Some 500 indigenous people from the Bolivian lowlands arrived tired on Thursday in the Santa Cruz region after a 37-day march in defense of their territory and in rejection of the bullies amid applause from a crowd of people who came out to greet them.
This is one of the protests that complicates the Bolivian government, which is also waging an 11-day conflict over the dispute over control of the coca market in La Paz.
A column of indigenous people from the most remote areas of the east left the city of Trinidad, in the Amazon region of Beni, on August 25 and arrived at the main square of Santa Cruz, the largest city in the east, after traveling about 600 kilometers. Many of them with blistered feet, cramps and fatigue attended mass.
Marcial Fabricano, 68, is the leader of the march and who led the first walk in 1990. “This march means no more invasions,” he said.
In a petition, the indigenous people demanded that the government “repeal all regulations and/or resolutions that allow all kinds of subjugation in all ancestral indigenous territories” and a new redistribution of land in which they demand to be included, among other 10 points.
Fabricano said a dialogue with the government is expected, which has not yet been confirmed.

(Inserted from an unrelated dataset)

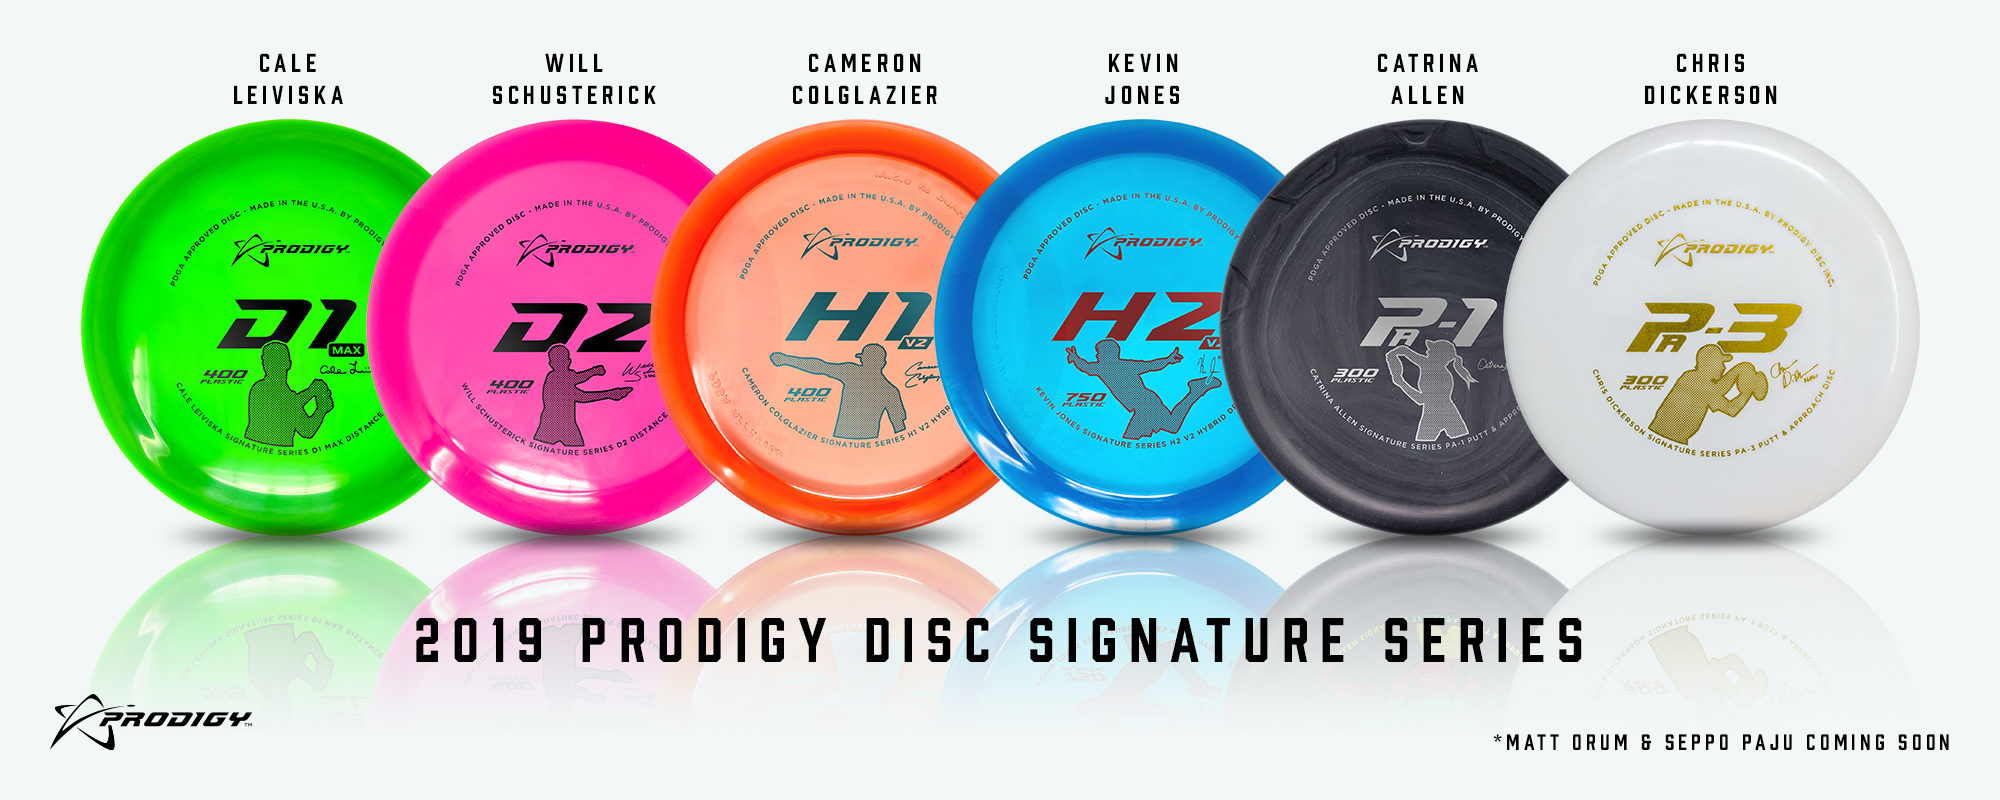 prodigy-2019-signature-series-dealer-banner.jpg

Santa Cruz is the epicenter of land disputes between settlers supposedly related to the government, landowners and indigenous communities in the Chiquitana region, a rich dry forest of great biodiversity neighboring the Amazon that in 2019 suffered a devastating fire – largely caused by the agricultural expansion – which wiped out more than five million hectares, according to the Friends of Nature Foundation.
The government downplayed the indigenous march and said it was driven by the political opposition. Meanwhile, opponents backed the native communities. “The demands have been misrepresented, which is more due to political speeches,” Roberto Ríos, deputy minister of Citizen Security, said recently.
Meanwhile, in La Paz, a dispute over control of the coca market worsened after 11 days of conflicts that have left dozens of detainees and injured, as well as damage to homes and police centers in the Villa Fátima neighborhood, where it is located. the legal coca market, now guarded by the police.
The incidents came after one of the disputed groups accused the government and police of sponsoring another group that took control of the market on Monday, according to coca grower leader Armin Lluta.
Neighbors had to leave with white flags for the factions to reach a dialogue after the area ended up as a battlefield.
In Bolivia, the coca leaf is used for traditional uses such as chewing and infusions, but various studies maintain that a good part of the production is diverted to the manufacture of cocaine, of which Bolivia is the third largest producer in the world after Colombia and Peru.
A report by the United Nations Office on Drugs and Crime (UNODC) indicated in late August that coca has spread in the north of La Paz, beyond the permitted limits.
The legal trade in this bush moves between 365 and 449 million dollars a year, just over 1.4% of Bolivia’s Gross Domestic Product (GDP), according to the UN body.